Designing a Stable Map

Hellscrag writes: Sound BSP has really to be "designed in" to be effective. Sometimes semisolids can be used as a quick-fix in a largely solid map, but things are much more reliable if you do it the other way around - use plenty of semis and try turning them solid if you have problems.

  • Avoid bad geometry (polys that are "bent", not flat) and don't go overboard with intersecting complex shapes as this can cause bad geometry, which cannot later be repaired without recreating the whole brush set.
  • Strictly structural geometry, and anything that is to be subtracted out of, should be solid.
  • All decoration brushes that aren't subtracted out of should be semisolid, UNLESS it is touching a zone portal when it should ALWAYS be solid (portals plus semis = BSP hell, for some reason).
  • If you do have a decoration involving an additive and a subtractive, intersecting the lot and re-adding it as a semisolid is often beneficial as long as it is not too complex.
  • Provide plenty of sensibly placed zone portals. Bear in mind that zones must always be sealed off completely from other zones (a portal by itself does nothing but slow things down if the spaces are joined around it). Also, unnecessarily large zone portals can cause more lag than they solve (this is why most people don't bother with CloudZones in the sky).
  • When the decorative brushes in your world are all semisolid, all BSP work becomes more reliable as there isn't such a crazy mess of BSP cuts splintering throughout the map. Semis don't make BSP cuts into other brushes. If in this situation you do get a BSP hole, turning certain semis in the vicinity solid CAN make a difference, as it cuts the BSP differently in the immediate area.
  • Don't deintersect your semisolid decorations against the world. As they don't make cuts, it's far better to leave them as simple as possible. This also allows you to move and reuse them more easily.
  • If almost everything in the map is solid, however, making one or two decorations semisolid is far less reliable a way to fix BSP errors, since the messy BSP your majority of solids will have created is far more unpredictable.
  • Try to order all zone portals to last and transform them permanently to reduce zone leakage.

Visual Example

Triskaden Station central area

In this image, the only solid geometry in view is the donut-shaped structure, which is subtracted out of. Boulders, beams, railings etc are all semisolid. Tarydium crystals are non-solid so as not to cast shadows. BSP trouble in this area was minimal.

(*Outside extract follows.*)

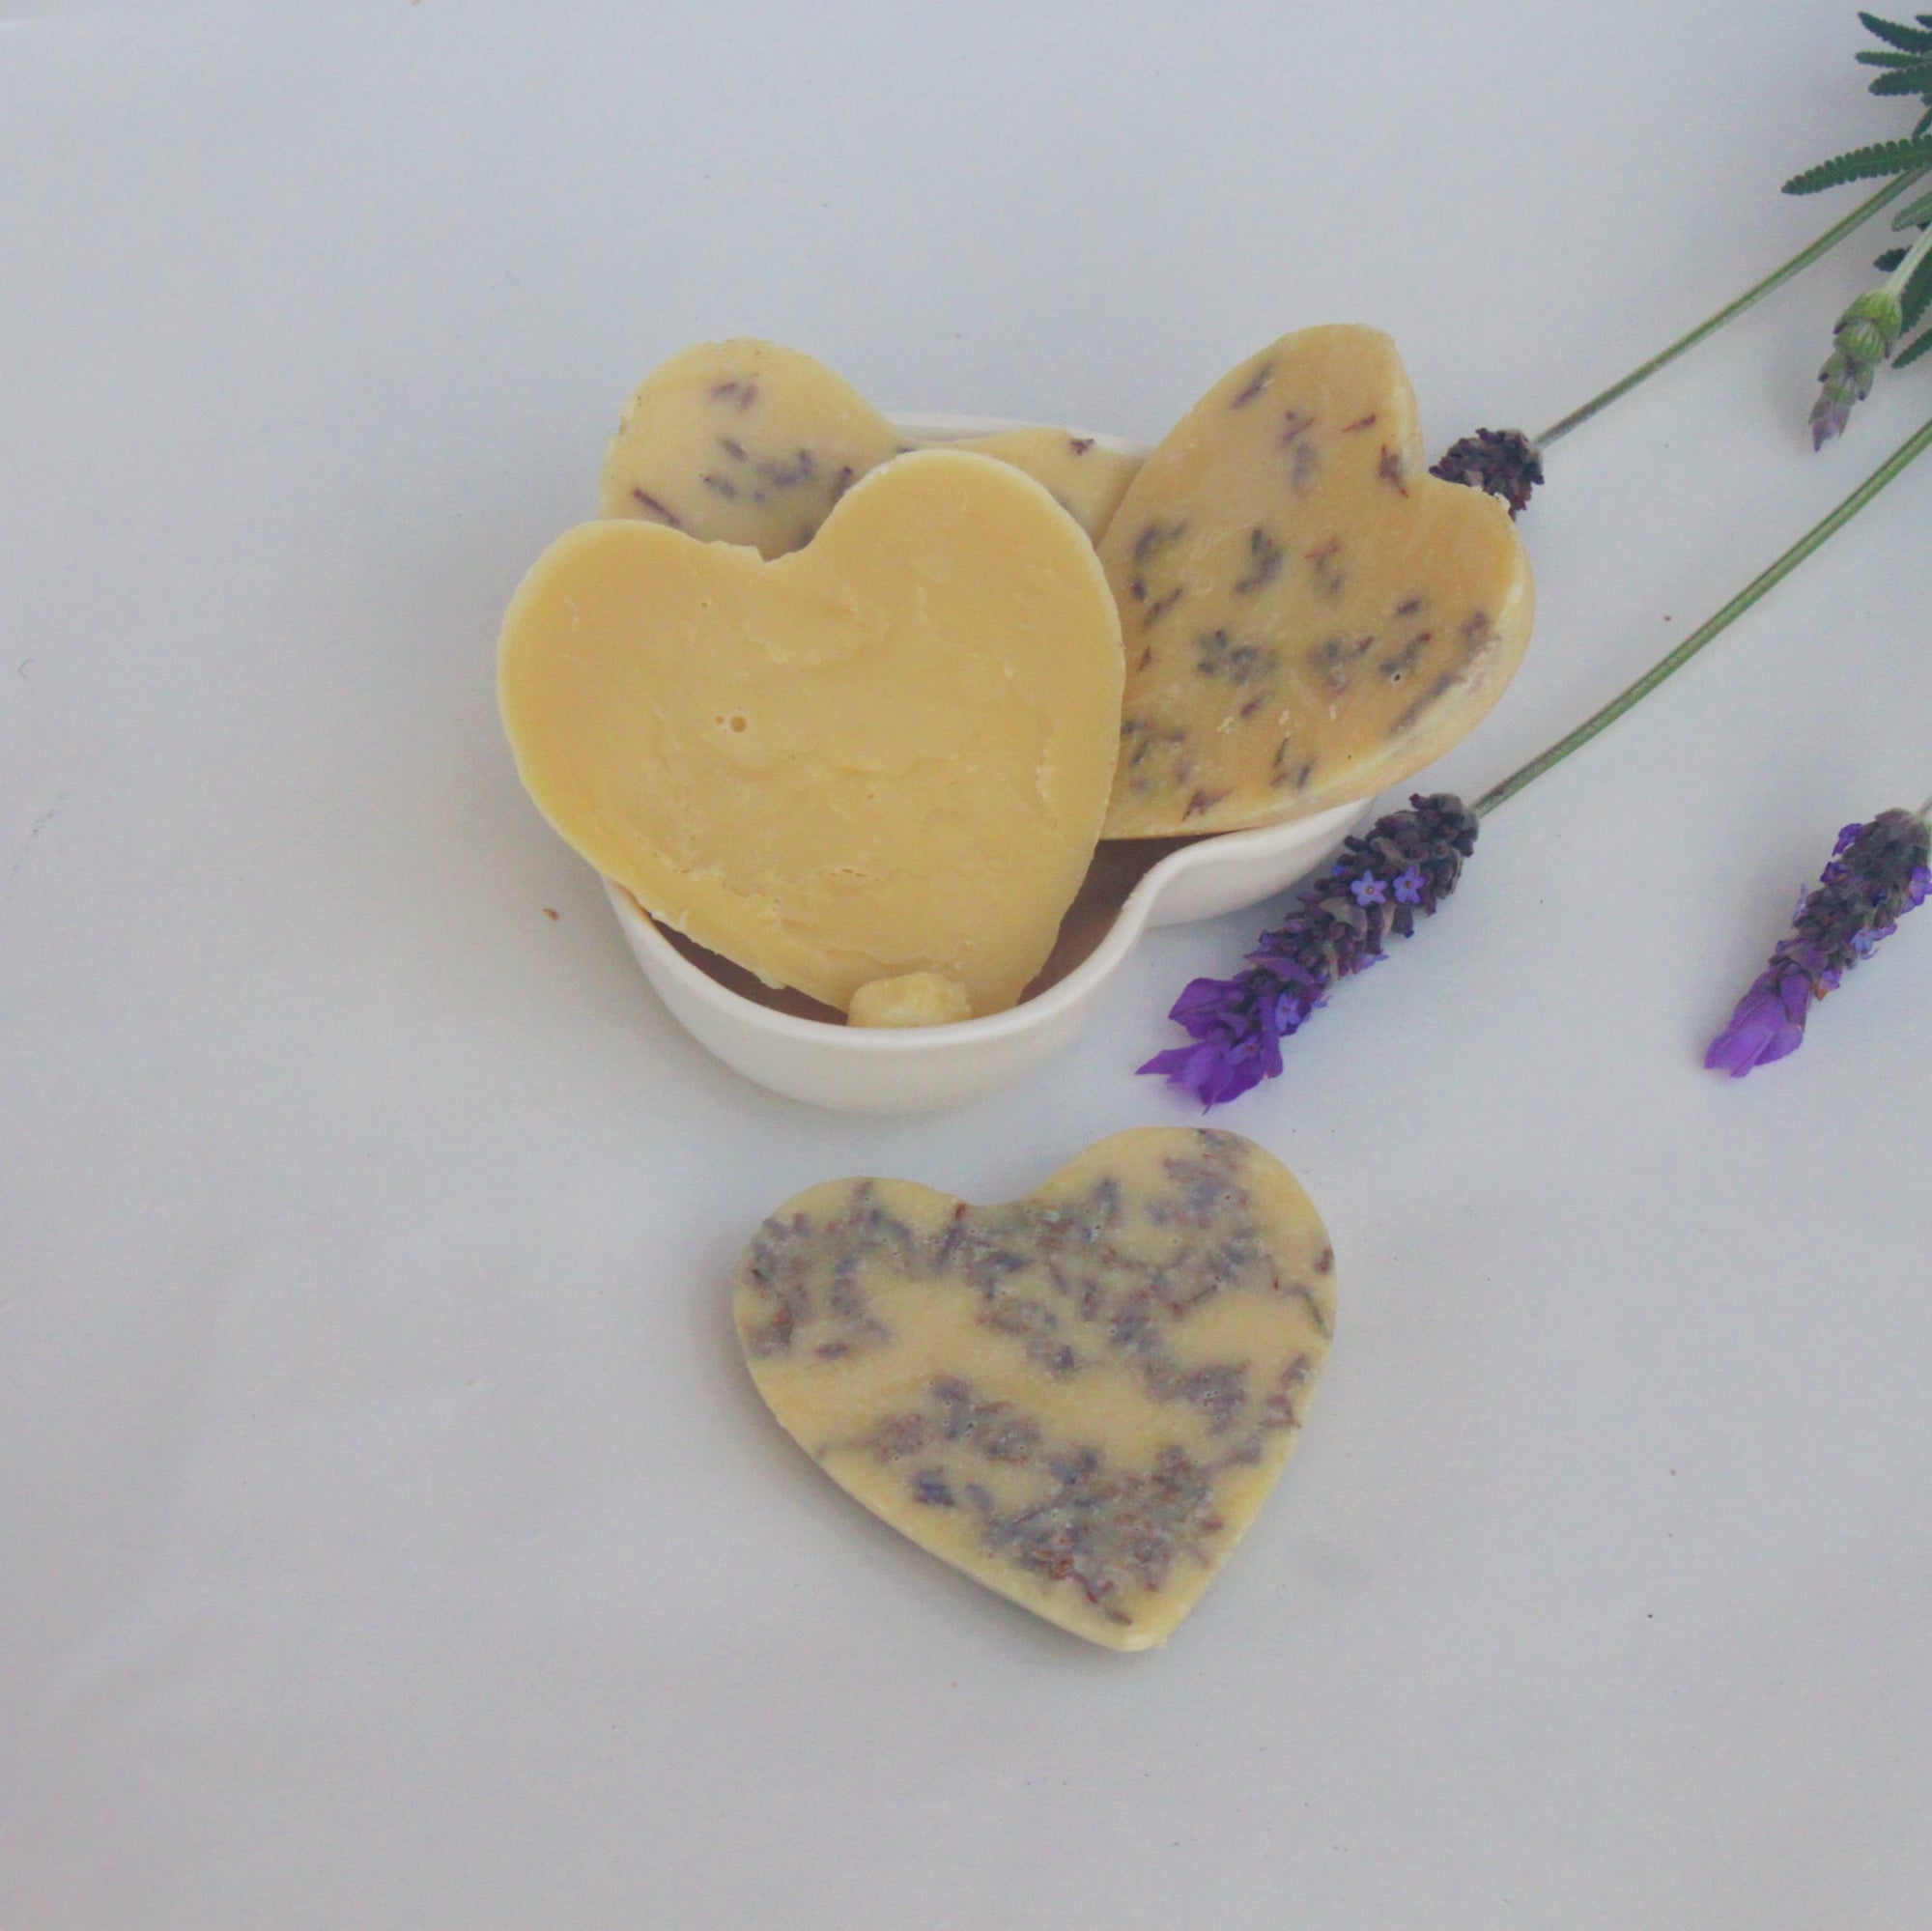 Lotion bar made with shea butter, cocoa butter and beeswax.  lotion bar with lavender essential oil and lavender flowers

Avoid overlapping BSP operations where possible

Techno_JF adds: There's something else that I'm surprised nobody has mentioned yet. For some reason, it's common to cause BSP errors by repeatedly adding and subtracting new geometry over a single area. If too many brushes occupy a given region, then it's bound to crop up an error at some point. I think it has to do with brush order issues, but I'm not exactly sure.